Model of Brd4 action

Finally, supporting the functional importance of this interaction, co-transfection of RFC-140 reduced the growth-inhibitory effect of Brd4. Taken together, the present study suggests that Brd4 regulates cell cycle progression in part by interacting with RFC (Fig. 28). A systematic biochemical analysis is under way to identify proteins with which Brd4 forms a complex.

Interaction of Brd4 with Acetylated Chromatin
Kanno T, Kanno Y, Dey; in collaboration with Lenardo, Siegel
To assess the interaction of Brd4 with chromatin, we have carried out analysis of fluorescent loss in photobleaching (FLIP) of transiently transfected GFP-Brd4 in the presence or absence of TSA, a histone deacetylase inhibitor. We found that TSA treatment inhibits loss of fluorescence, indicating that Brd4 preferentially interacts with chromatin. Biochemical analysis with Brd4-nucleosome interactions also supports strong affinity of Brd4 for acetylated histones. Interaction of the BET family proteins with chromatin is also under investigation with the fluorescence resonance energy transfer technique (FRET).

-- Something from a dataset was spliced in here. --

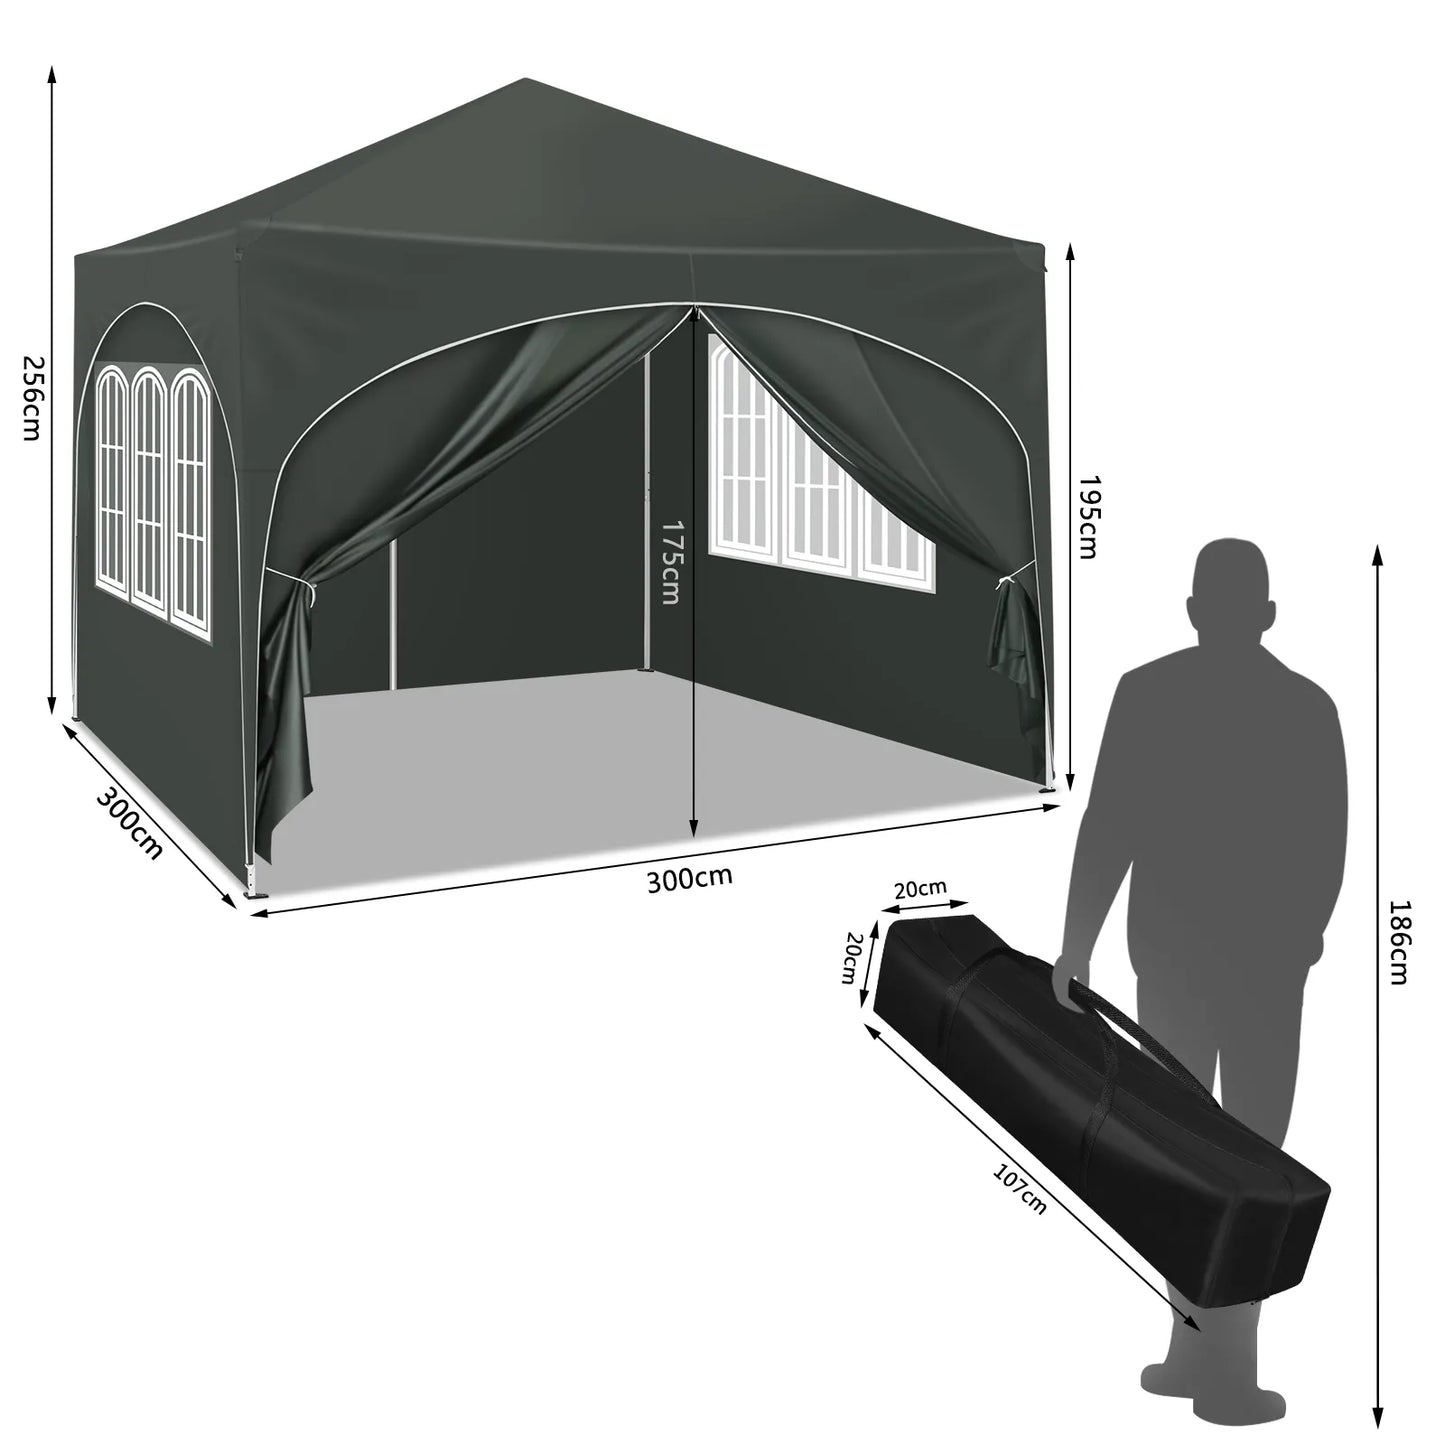 Faltbarer Pavillon mit 4 Seitenwänden 3x3m - Partyzelt mit Wasserabweisendem UV-Schutz, Höhenverstellbar für Garten, Camping, Picknick - Unique Outlet

Dynamic Relationship between Histone Acetylases and Deacetylases
Kanno T, Kanno Y; in collaboration with Howard, Lenardo, Siegel
Histone acetylases (HAT) and deacetylases have opposing enzymatic activities. Both enzymes affect chromatin structures and regulate transcription. It is assumed that a mechanism balances the activities of the two enzymes in the cell. We hypothesized that one way to achieve balance is for the two enzymes to interact with each other and function as a single entity. By FRET analysis, we showed that the acetylase PCAF and deacetylase HDAC1 are spatially proximate in living cells compatible with their physical interaction. In agreement, co-immunoprecipitation assays demonstrated that endogenous HDACs are associated with PCAF and another acetylase GCN5 in HeLa cells. We found by glycerol gradient sedimentation analysis that HATs are integrated into a large multi-protein HDAC complex that is distinct from the previously described HDAC complexes containing mSin3A, Mi-2/NRD, or CoREST. The HDAC-HAT association is partly accounted for by a direct protein-protein interaction observed in vitro. The HDAC-HAT complex may play a role in establishing a dynamic equilibrium of the two enzymes in vivo.